The association between childhood abuse and adverse adult health outcomes is well established.1–21 Unfortunately, despite volumes of research documenting this link, it is infrequently acknowledged in the general medical literature. The need for more visible research that will reach physicians who provide the bulk of front line health care is underscored by failure to give even passing mention to the well-documented link between adult depression and childhood abuse in a recent review on depression in the New England Journal of Medicine.22,23 The otherwise comprehensive national guidelines on Depression in Primary Care24 issued in 1993 also make no mention of the importance of childhood abuse as a risk factor. Similar omissions occur in recent reviews of fibromyalgia,25 anorexia nervosa,26 and functional somatic syndromes27,28 in prestigious, high-impact medical journals. Irritable bowel is the single exception, where through the work of Drossman and Leserman,7,29 the association of this disorder with a history of childhood or adult sexual and physical abuse in women is now consistently mentioned in reviews of functional bowel disorders. If physicians caring for adults who suffer from a condition associated with abuse in childhood are unaware of this link, they will neither elicit an abuse history nor make appropriate patient referrals. This is especially troubling because conditions associated with childhood abuse are burdensome to both the patient and the health care system,30–32 relatively simple interventions may prove effective in alleviating much distress,33–37 only 2% to 5% of patients with a history of childhood sexual abuse will themselves report it to a physician,15,18 and managed care typically places the primary care physician as the gatekeeper controlling patient access to specialized services. Furthermore, while most patients say they want their physicians to screen for a history of abuse, most physicians admit that they do not do so.38

We present this overview of the current research linking childhood abuse to adult physical and mental health in an effort to educate internists, who likely see many patients with an abuse history. Published manuscripts reviewed for this paper were obtained from medline, Sociological Abstracts, and Psychological Abstracts using singly, or in combination, search terms such as child abuse, violence, maltreatment, physical abuse, sexual abuse, fibromyalgia, irritable bowel, chronic pain, depression, eating disorders, somatic symptoms, posttraumatic stress disorder, and health outcomes. References were also retrieved from the bibliographies of these manuscripts.

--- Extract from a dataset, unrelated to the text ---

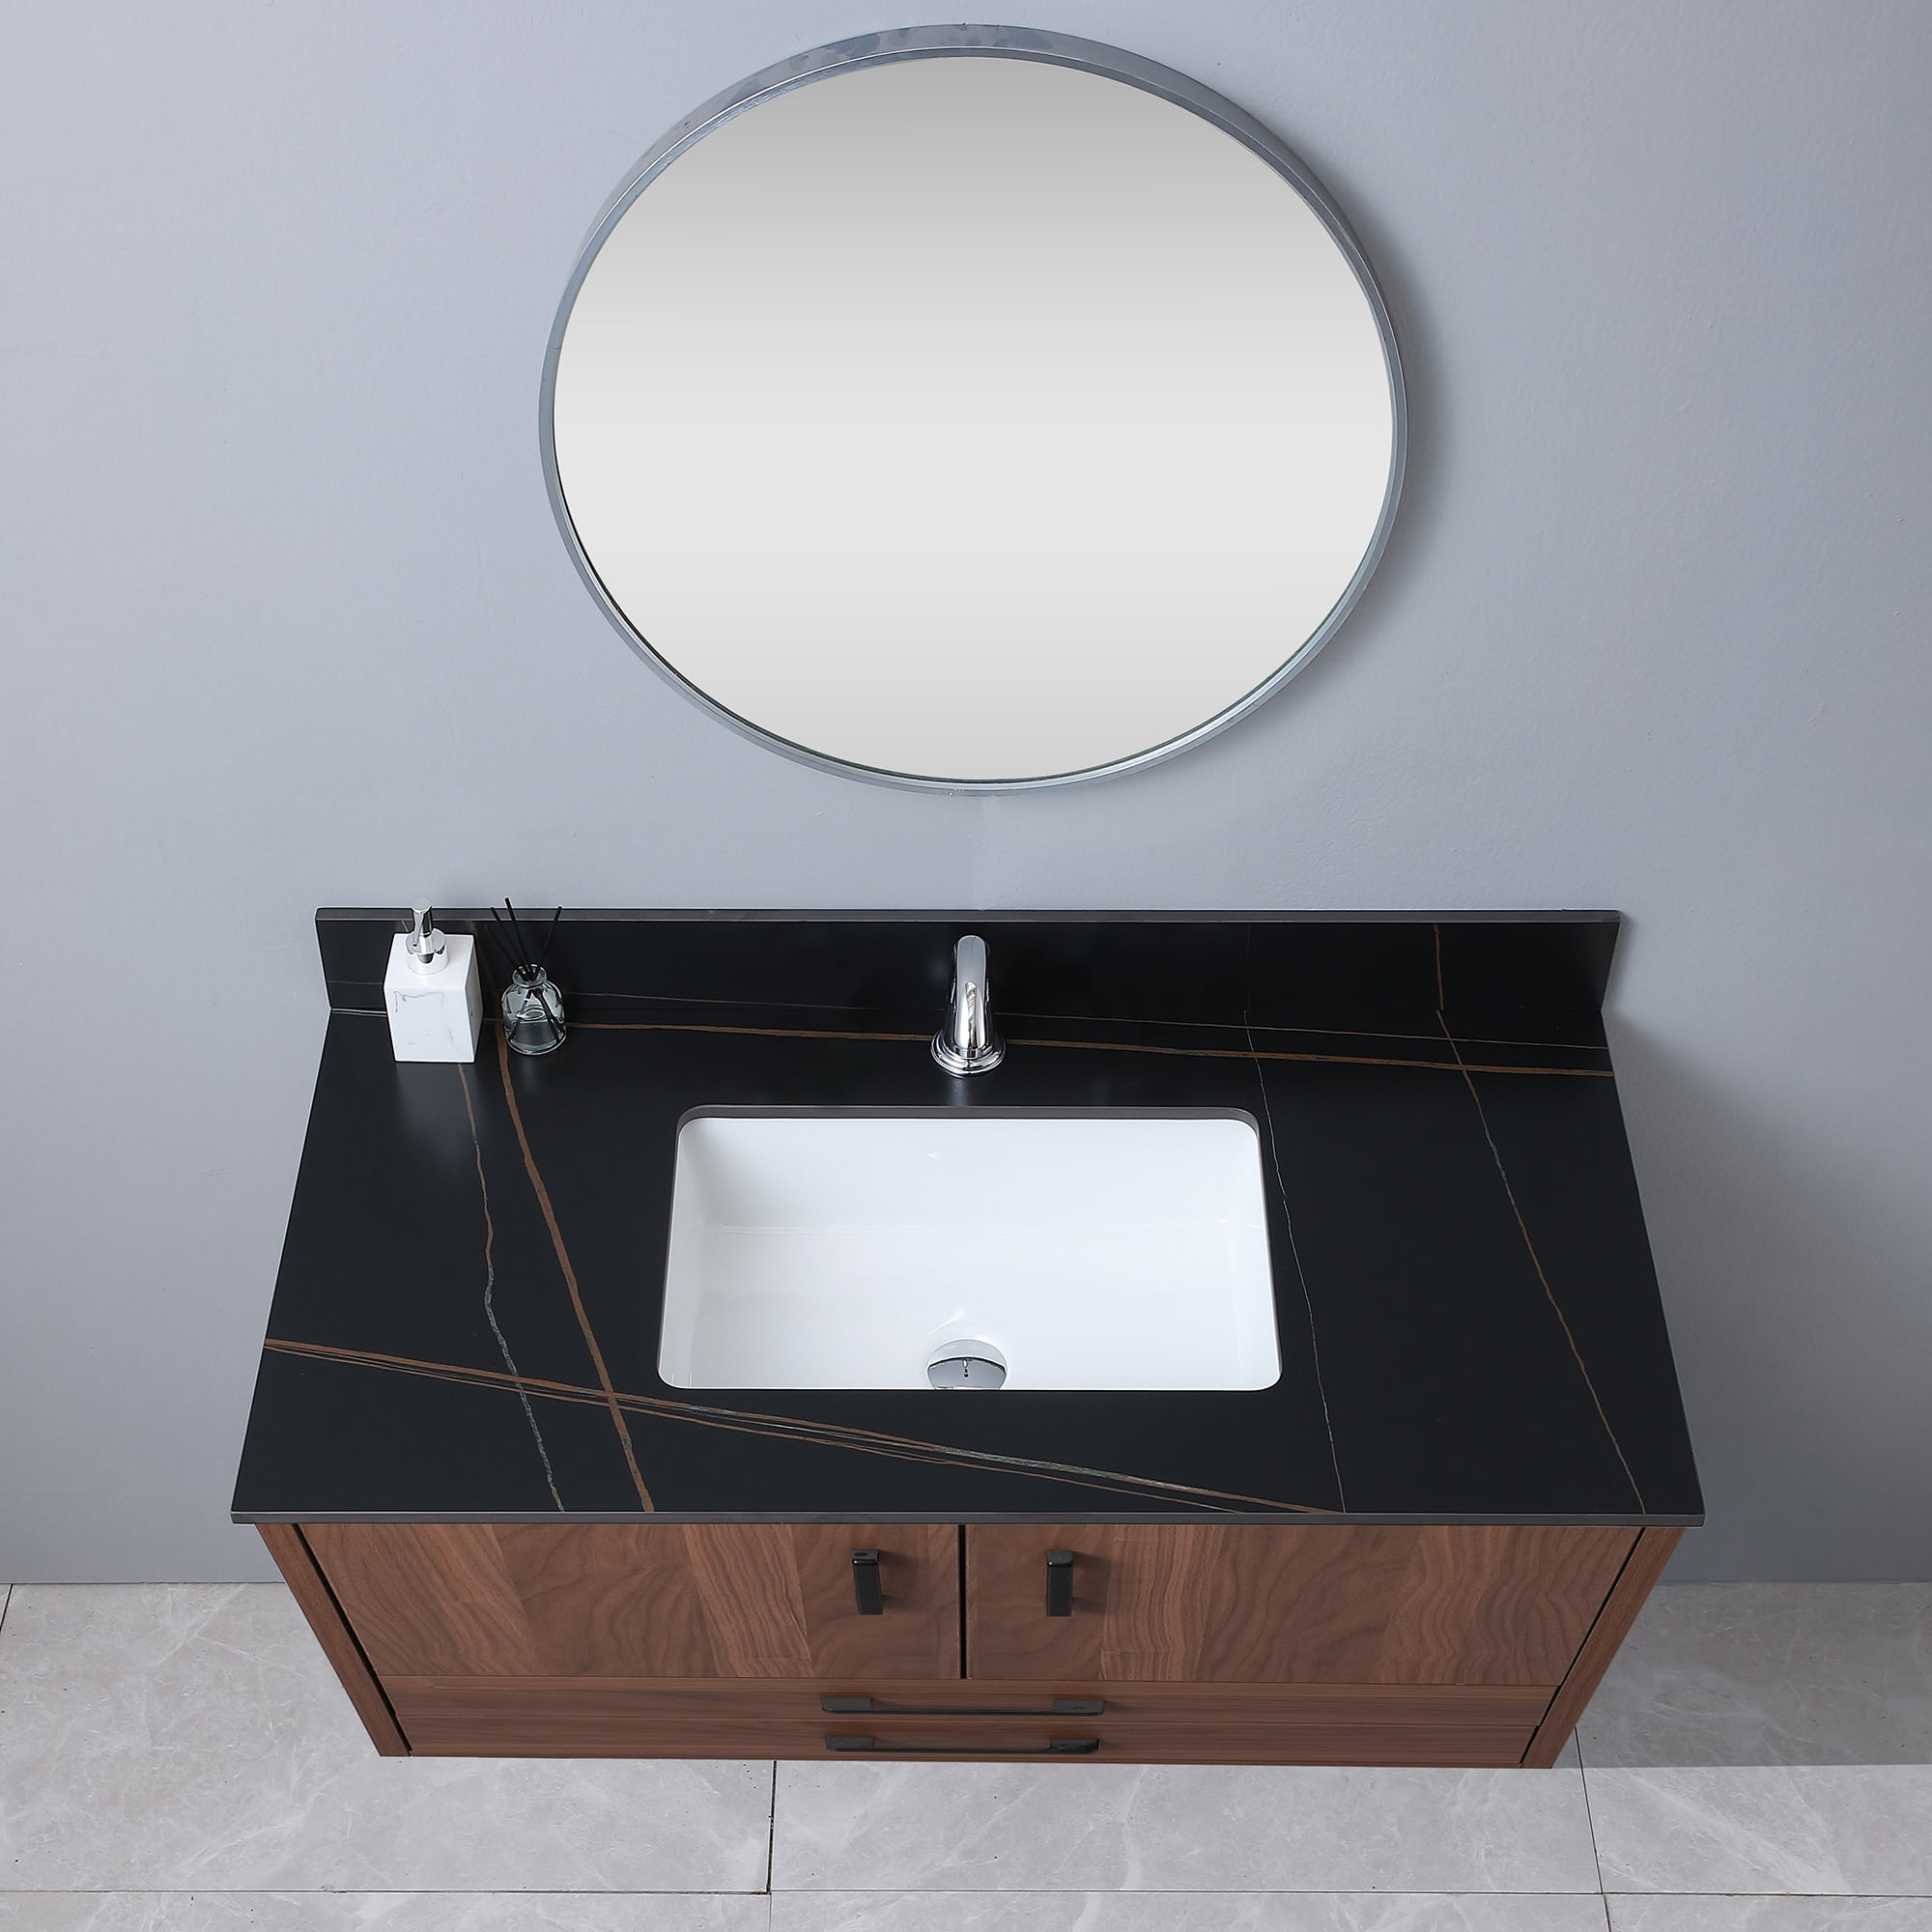 Leavader 43 Inches Black And Gold Sintered Stone Bathroom Vanity Top With Ceramic Basin And Backsplash Single Faucet Hole Cabinet Not Included 2886dda8 5f43 4453 B804 B9179c228e58.e6adde3b2b4525f088832f686610644e

Childhood abuse has been associated with a plethora of psychological and somatic symptoms,17–19 as well as psychiatric and medical diagnoses including depression,1,14,39 anxiety disorders,13,39 eating disorders,13 posttraumatic stress disorder (PTSD),39–41 chronic pain syndromes,20,40,42,43 fibromyalgia,19,44,45 chronic fatigue syndrome,44 and irritable bowel.7,16,42 Compared with nonabused adults, those who experienced childhood abuse are more likely to engage in high-risk health behaviors including smoking,2,18 alcohol and drug use,9,13,18 and unsafe sex;9,18 to report an overall lower health status;9,16,46 and to use more health services.31 Viewing these various health conditions and behaviors as the outcome and abuse in childhood as the exposure, many of the criteria for a causal relationship are met47 (Table 1).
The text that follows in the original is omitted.